Réduire sa facture énergétique sans débourser une fortune : c’est la promesse du dispositif d’isolation à 1 euro, pensé pour les ménages aux revenus modestes. Depuis son lancement en 2020, ce mécanisme a permis à des milliers de foyers français de rénover leur logement à moindre coût. Mais les règles ont évolué, les conditions se sont resserrées, et certains travaux autrefois pris en charge ne le sont plus.
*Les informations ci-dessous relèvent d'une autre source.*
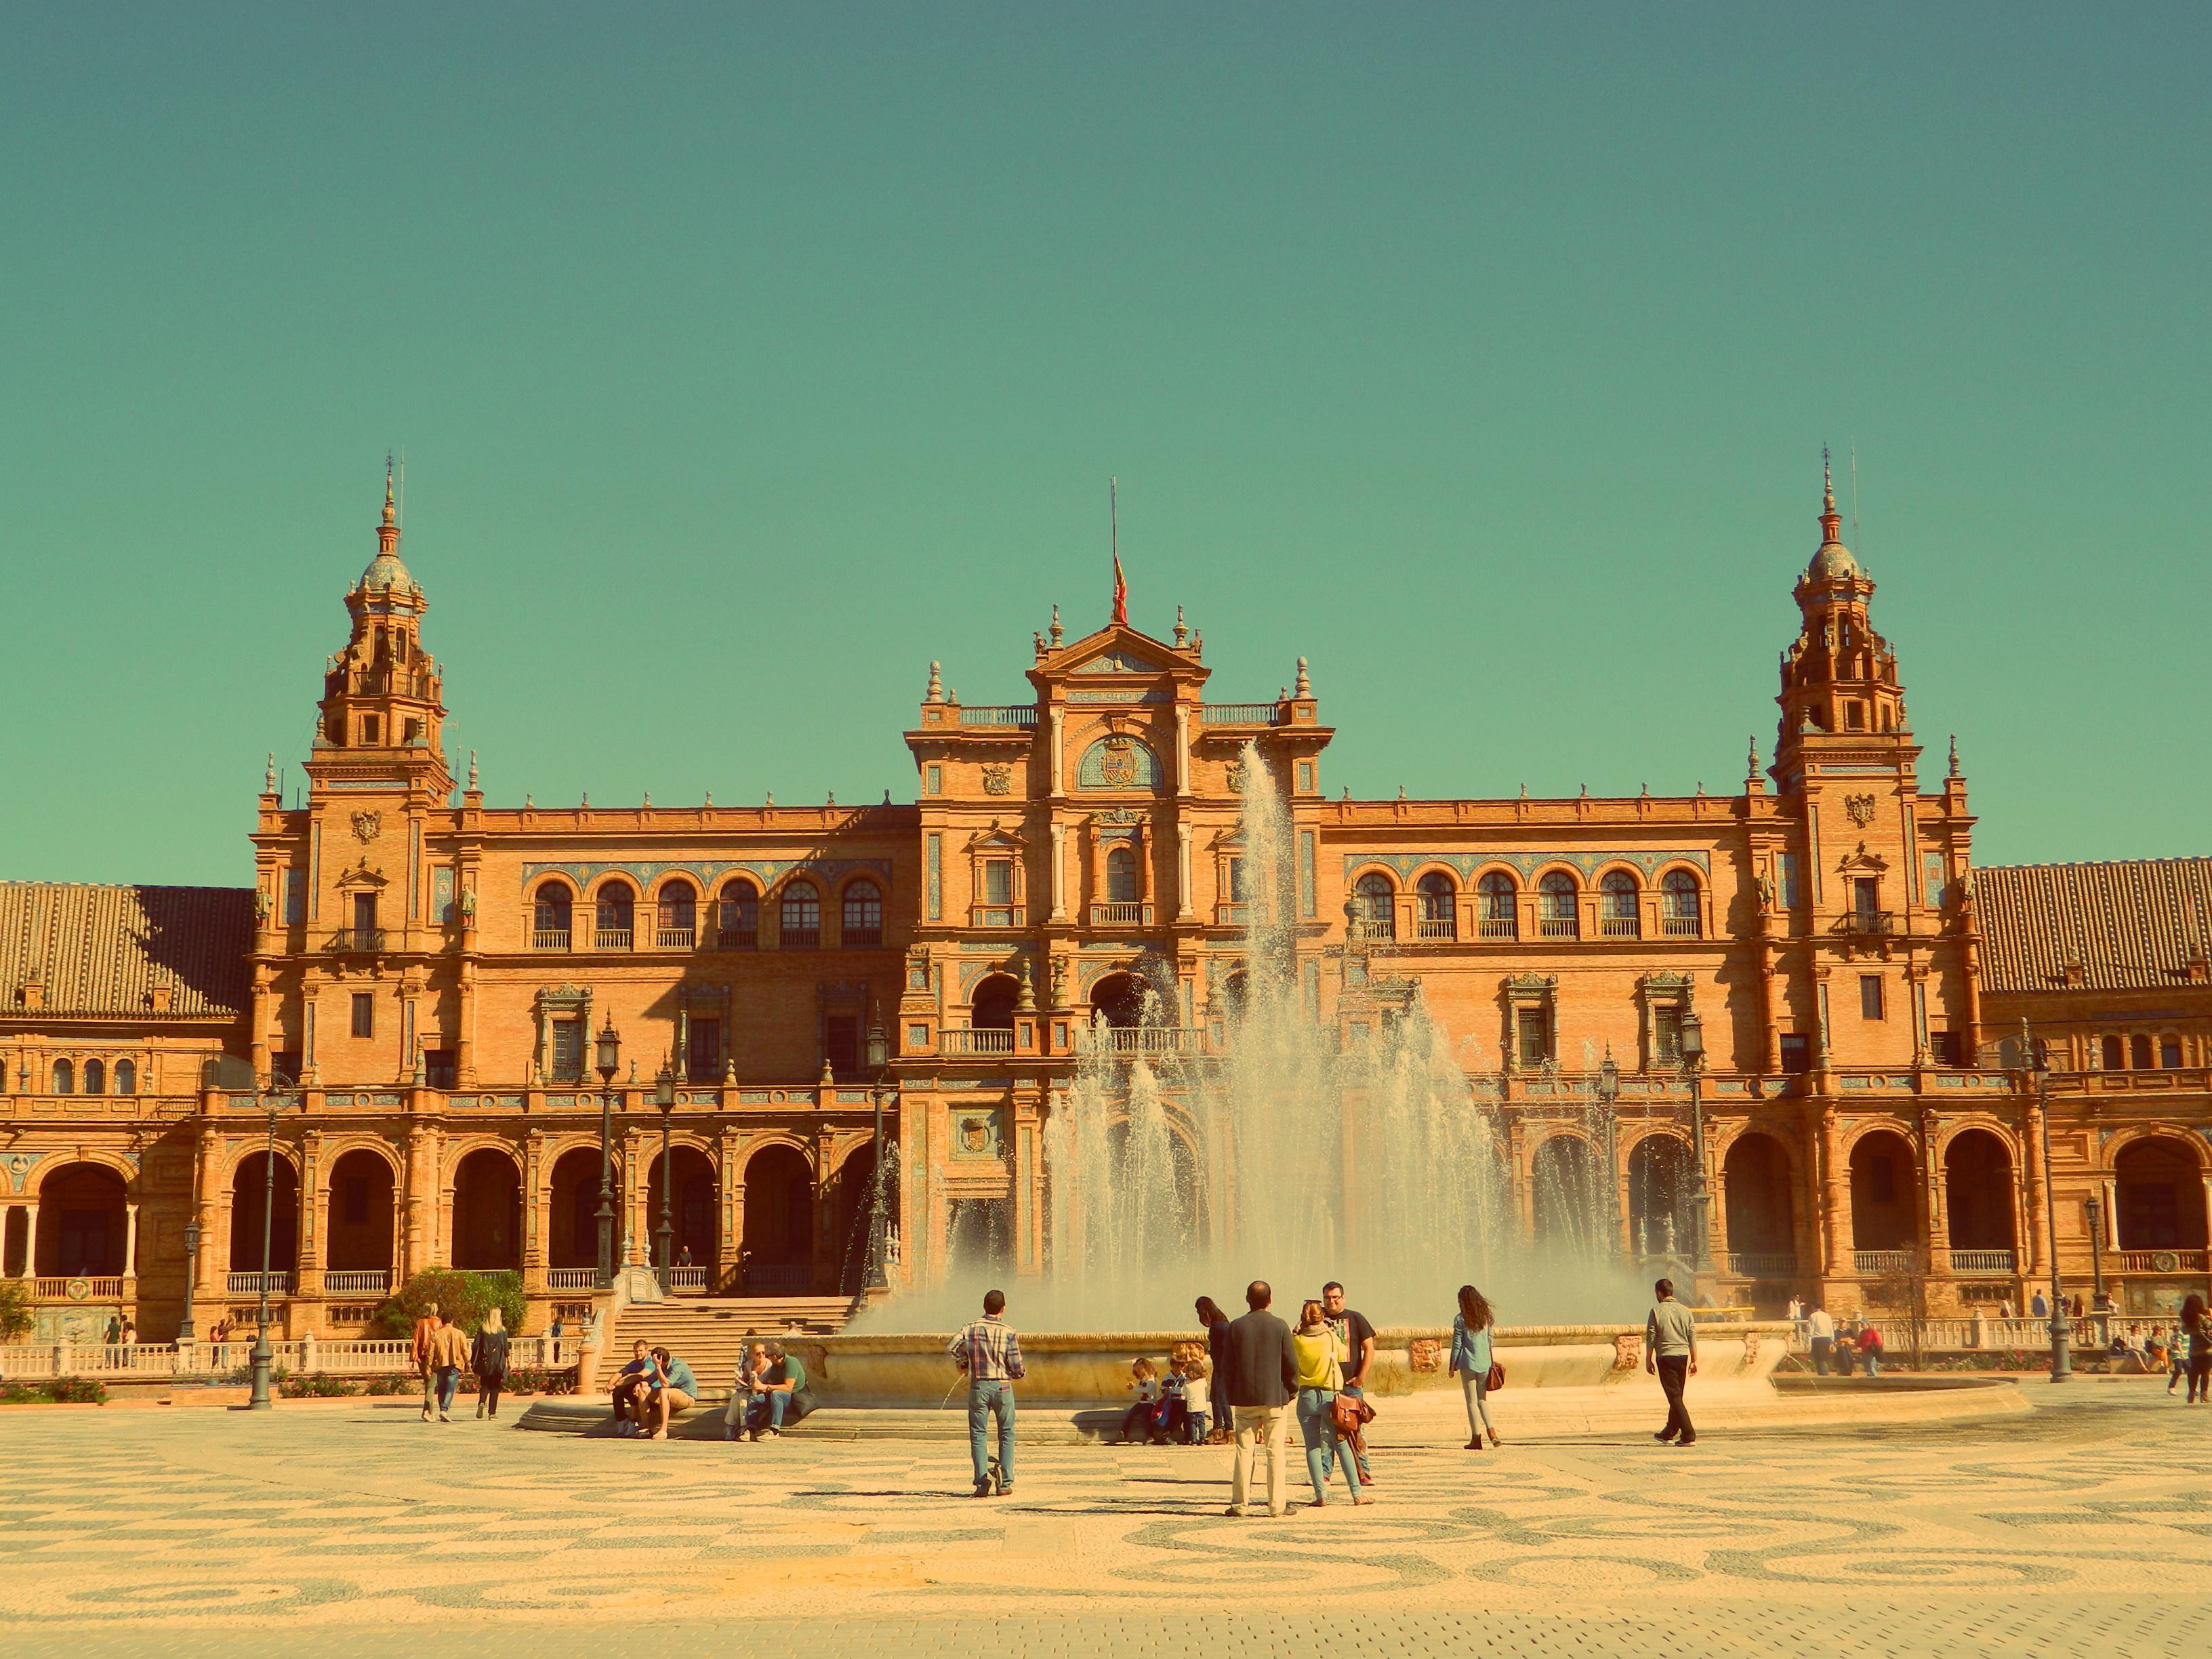 Sewilla_Plaza de Espana

Avant de signer quoi que ce soit avec une entreprise de rénovation, mieux vaut savoir précisément où en est le dispositif aujourd’hui, quels postes de travaux restent couverts, et comment ne pas tomber dans les pièges d’un marché qui a longtemps attiré des acteurs peu scrupuleux.

Comment fonctionne le dispositif d’isolation à 1 euro

Le principe repose sur un mécanisme de financement croisé entre l’État et les fournisseurs d’énergie. Ces derniers sont soumis aux Certificats d’Économies d’Énergie (CEE), un système qui les oblige à financer des travaux de rénovation chez les particuliers pour atteindre leurs objectifs de réduction de consommation. En pratique, le ménage ne paie qu’un euro symbolique pour des travaux dont le coût réel peut atteindre plusieurs milliers d’euros.

Le Ministère de la Transition Écologique supervise ce cadre réglementaire, tandis que l’ANAH (Agence Nationale de l’Habitat) gère une partie des aides complémentaires. L’objectif affiché est double : améliorer le confort thermique des logements les plus énergivores et réduire la précarité énergétique. En France, des millions de logements sont encore classés F ou G sur le DPE, ce que l’on appelle les passoires thermiques.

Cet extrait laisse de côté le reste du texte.